## [Task to complete]
Copy out the data below from the line containing "The Best Gift" to the line containing "A bronze sculpture", both lines included, with all images left out.

## [Given entries]

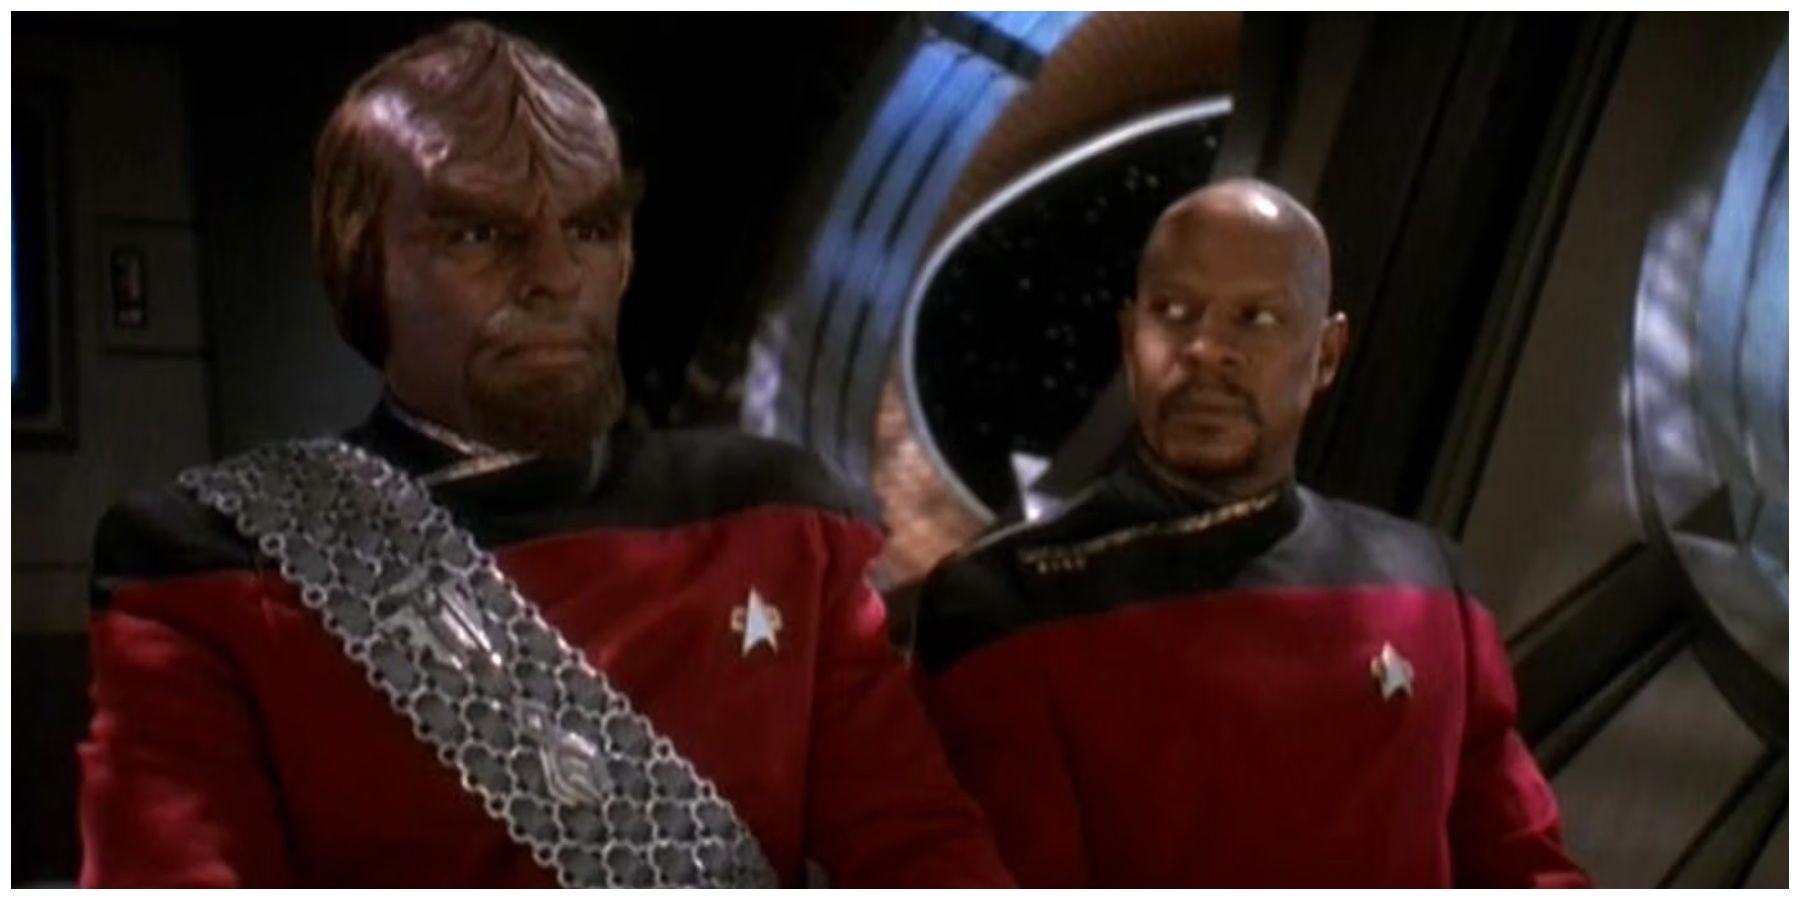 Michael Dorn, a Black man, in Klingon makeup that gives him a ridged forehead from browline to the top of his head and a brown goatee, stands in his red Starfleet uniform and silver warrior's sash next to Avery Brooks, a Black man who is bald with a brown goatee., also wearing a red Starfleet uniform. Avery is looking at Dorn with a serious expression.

* * *

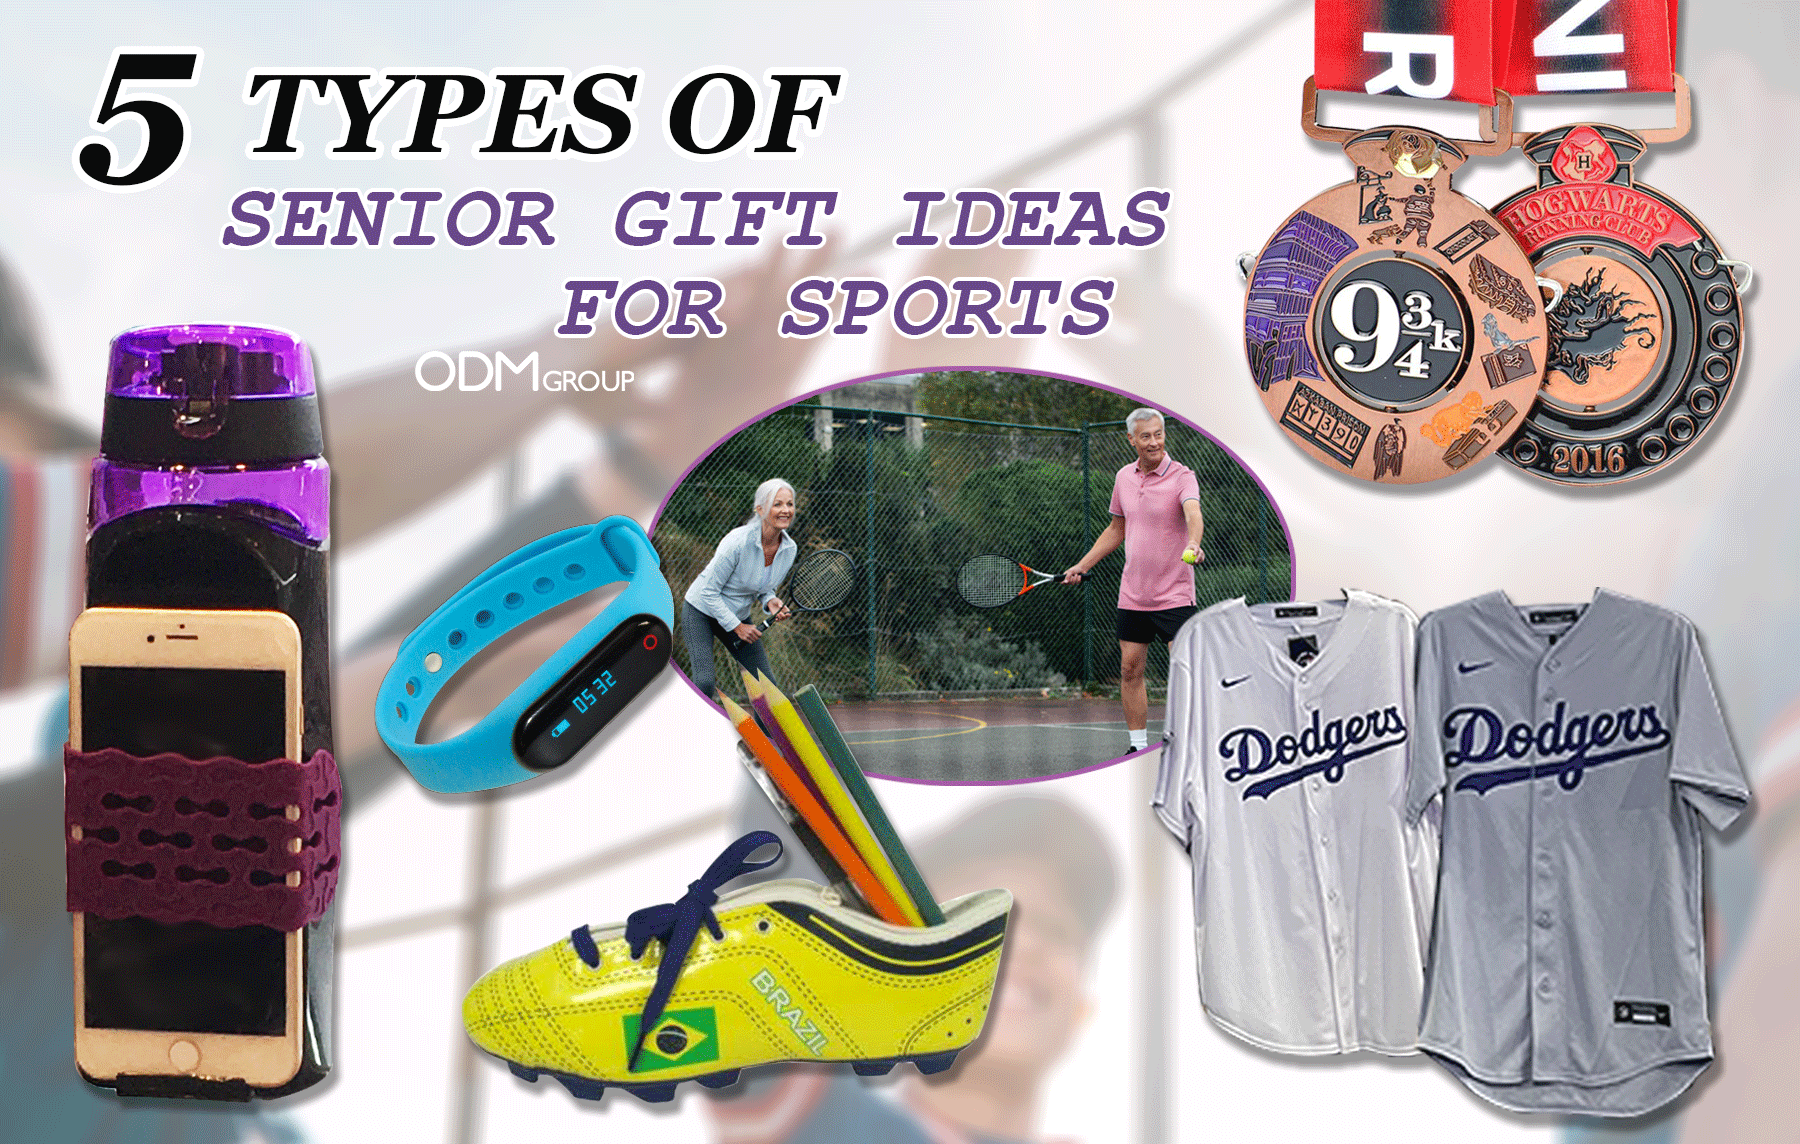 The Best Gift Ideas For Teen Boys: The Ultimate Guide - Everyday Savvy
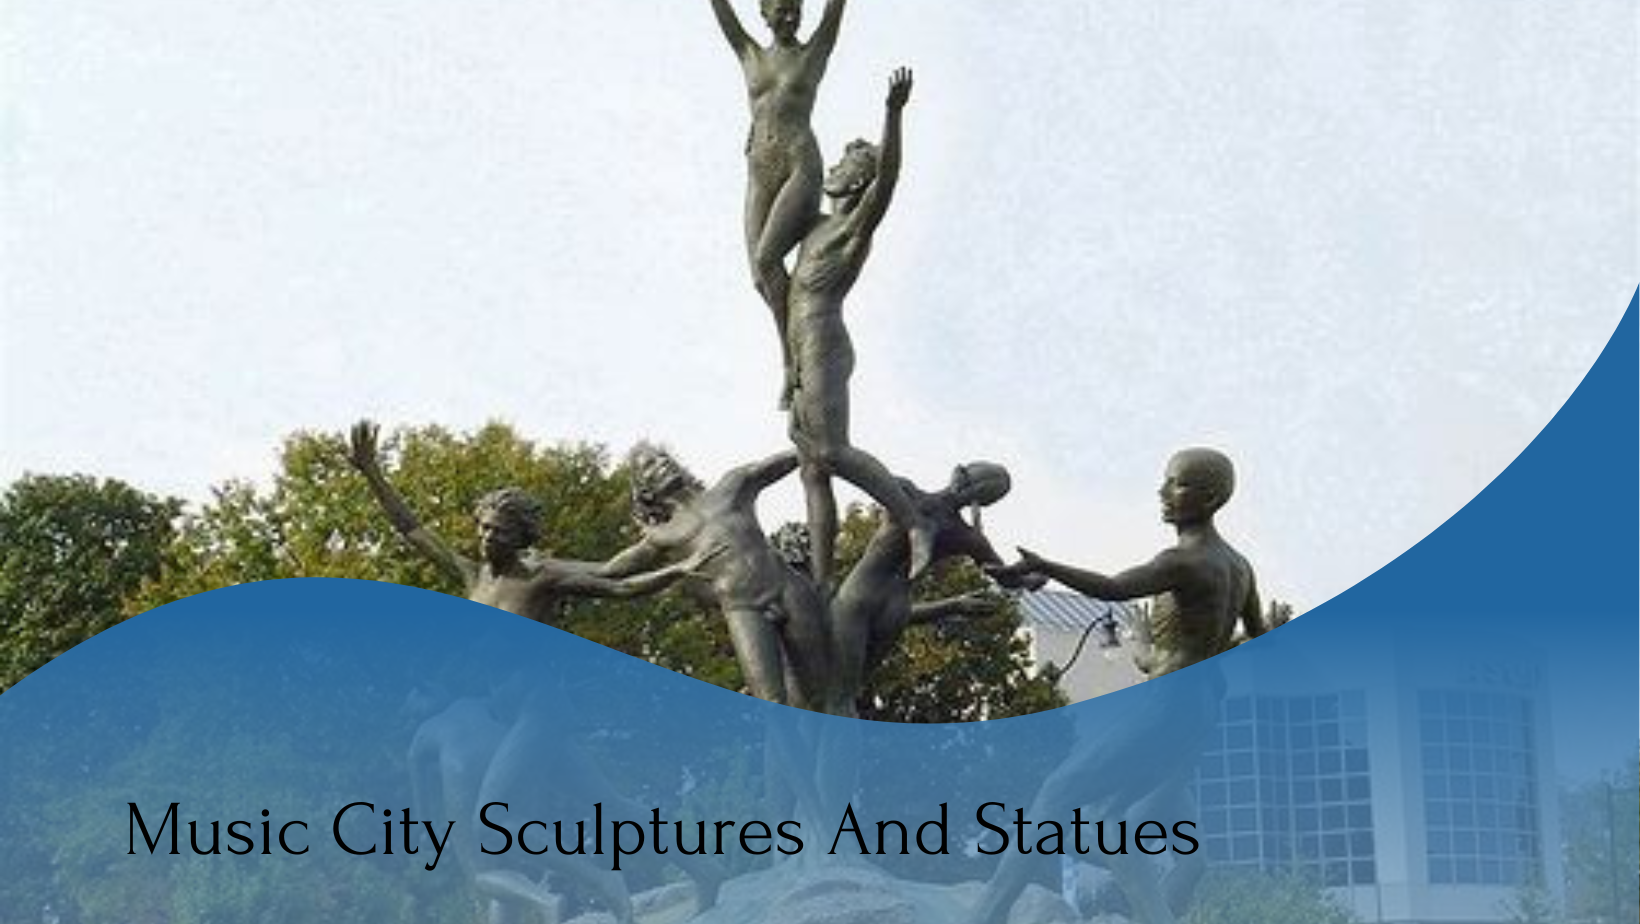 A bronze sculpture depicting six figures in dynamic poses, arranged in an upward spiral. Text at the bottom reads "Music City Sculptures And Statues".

## [Finished task]
 The Best Gift Ideas For Teen Boys: The Ultimate Guide - Everyday Savvy
 A bronze sculpture depicting six figures in dynamic poses, arranged in an upward spiral. Text at the bottom reads "Music City Sculptures And Statues".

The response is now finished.